王の死。それがこのポケモンリーグの発端だ。だが、それは王が病死したからだと表向きには伝えられていた。もちろん、憶測は出回った。政府による王の死は陰謀であるという説や、何らかの目的のために歪められた死である事は誰もが思っていながらも口にしなかっただけだ。しかし、その真実がたった一人の女性によるものだとは誰も思うまい。

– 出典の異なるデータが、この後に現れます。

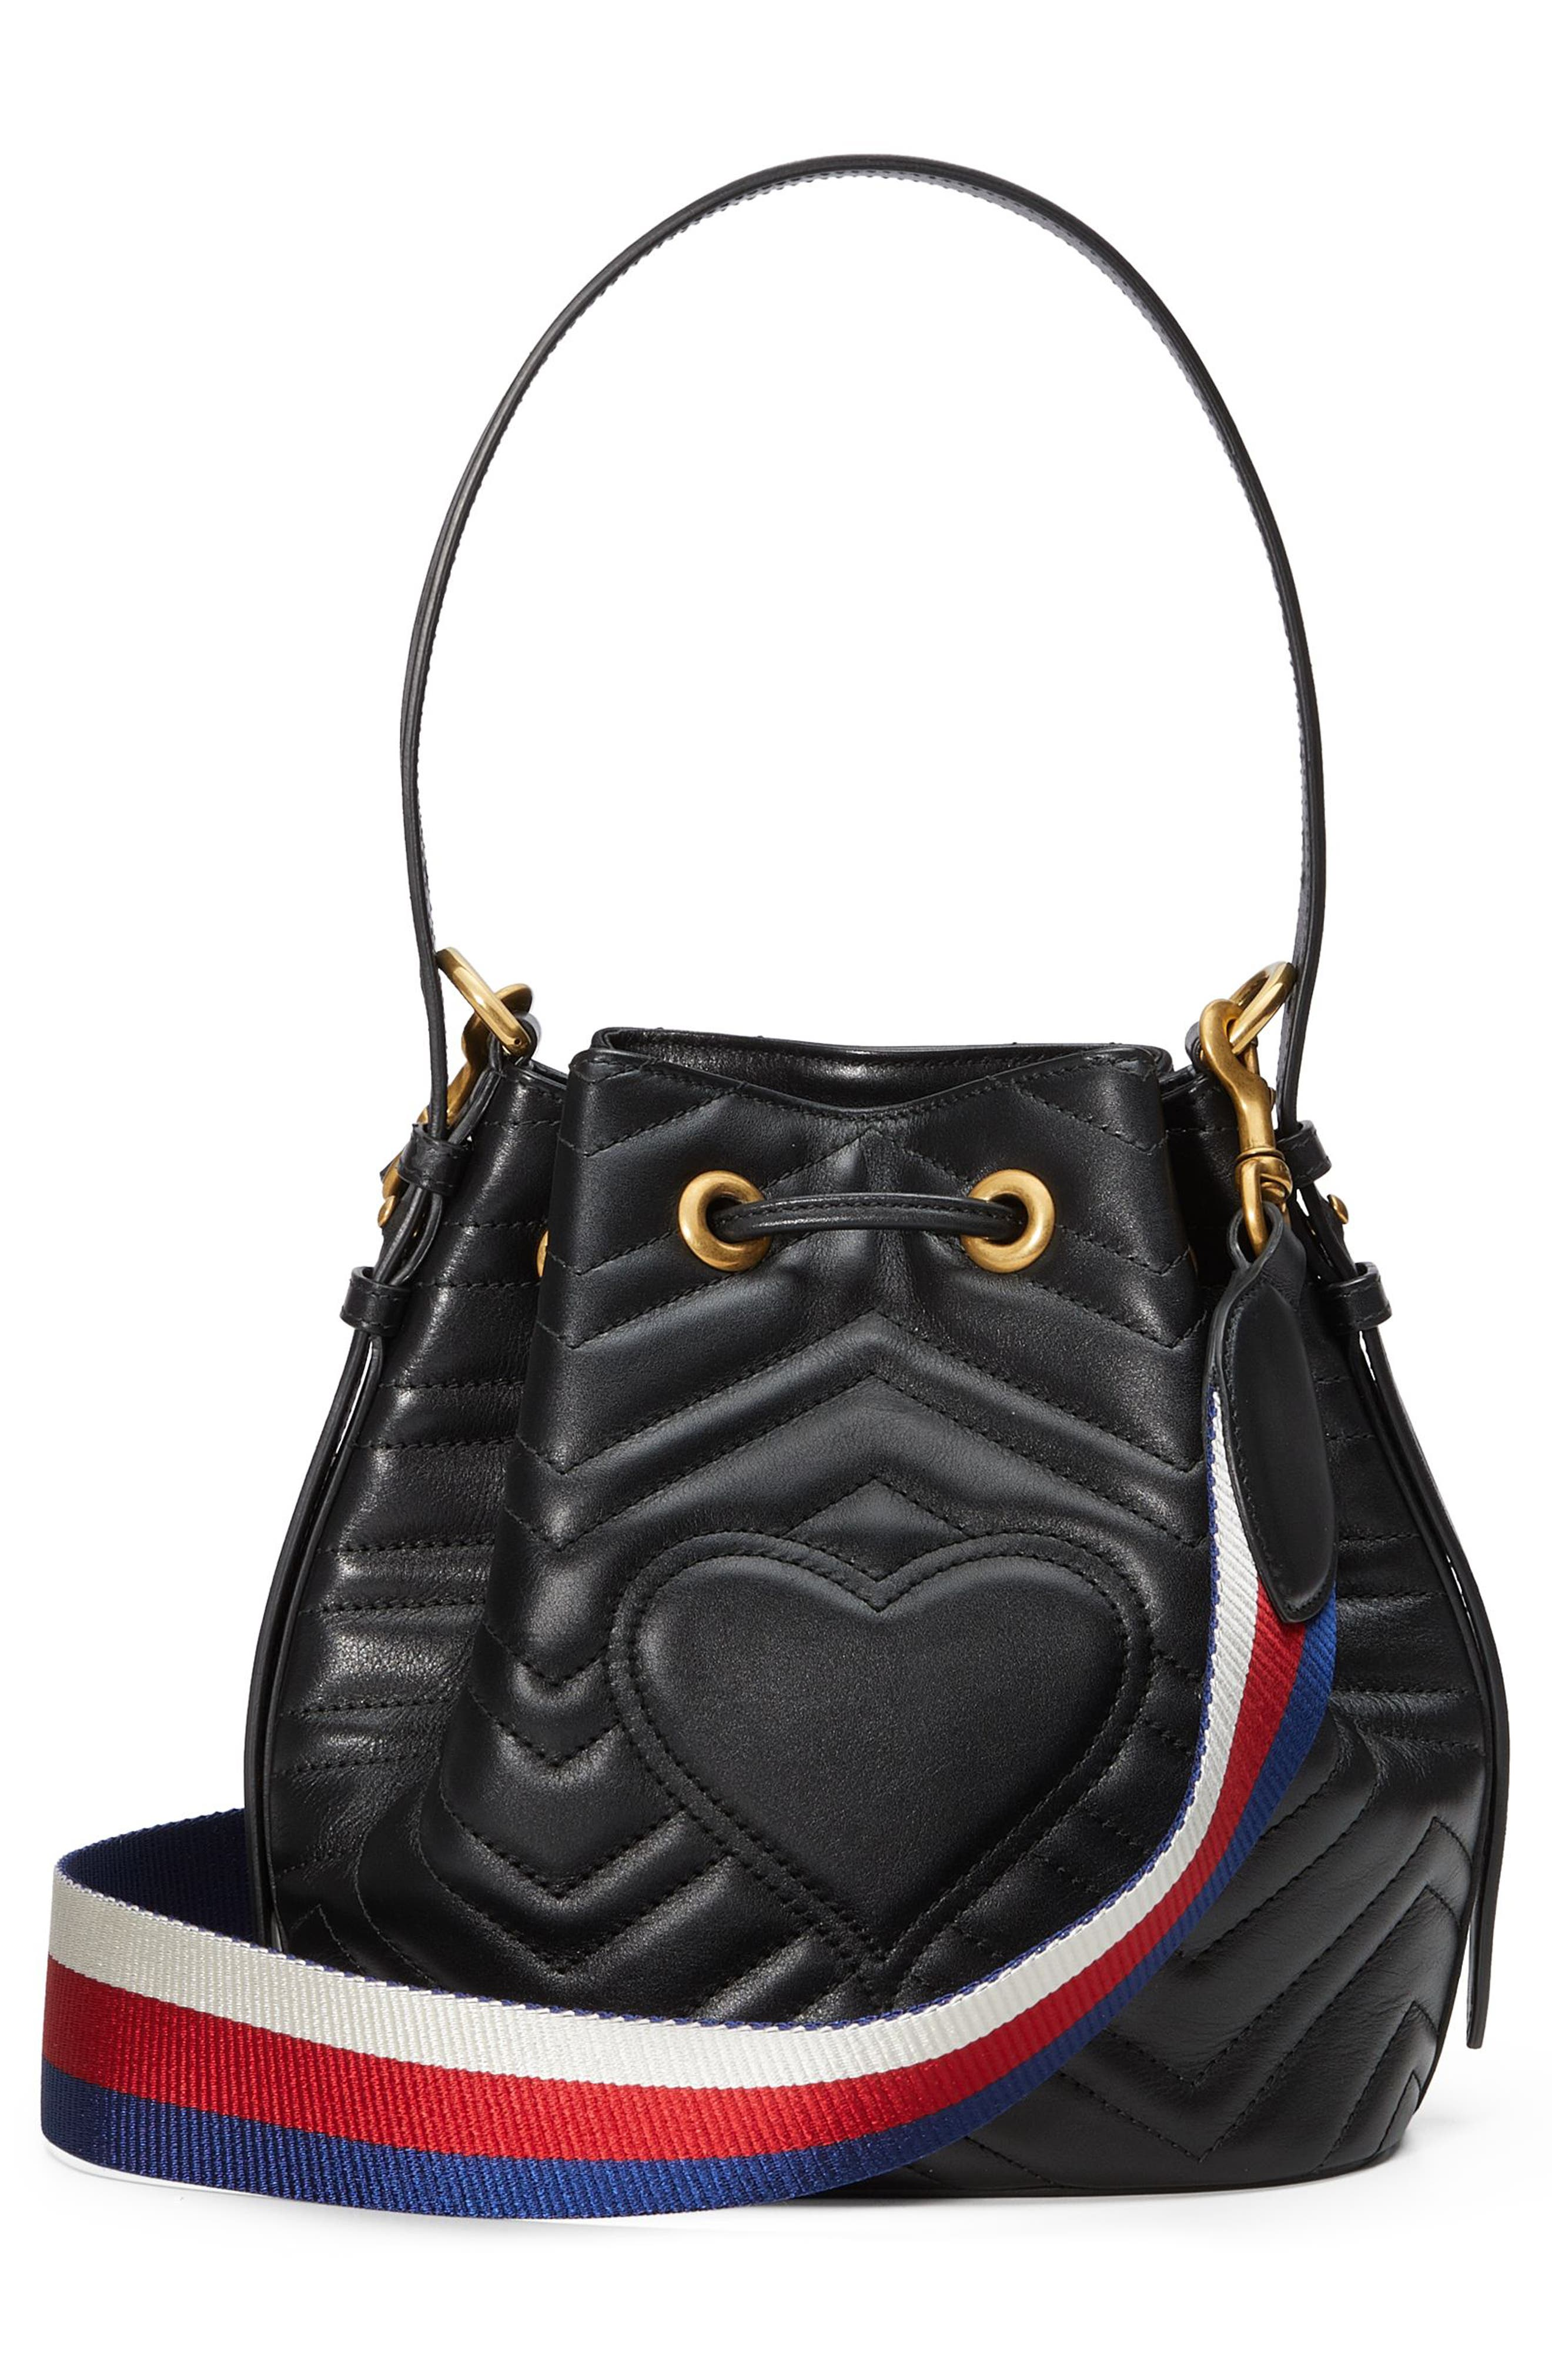 GG Marmont 2.0 Matelassé Leather Bucket Bag,                             Alternate thumbnail 2, color,                             Nero

自分の事を先生と呼べと彼女は言った。それが呼ばれ慣れているから、と。先生は、語りながらセキエイ高原の奥へと歩んでいた。イブキ達は話を聞きつつその背中に続いている形だ。
「そりゃ、いきなりの王の崩御を誰だって不審には思うわ。でも、だからってあなた一人が殺しただなんて」
到底信じられない、という口調を混ぜると先生は仮面越しに片手を開き、「今でも覚えています」と口にした。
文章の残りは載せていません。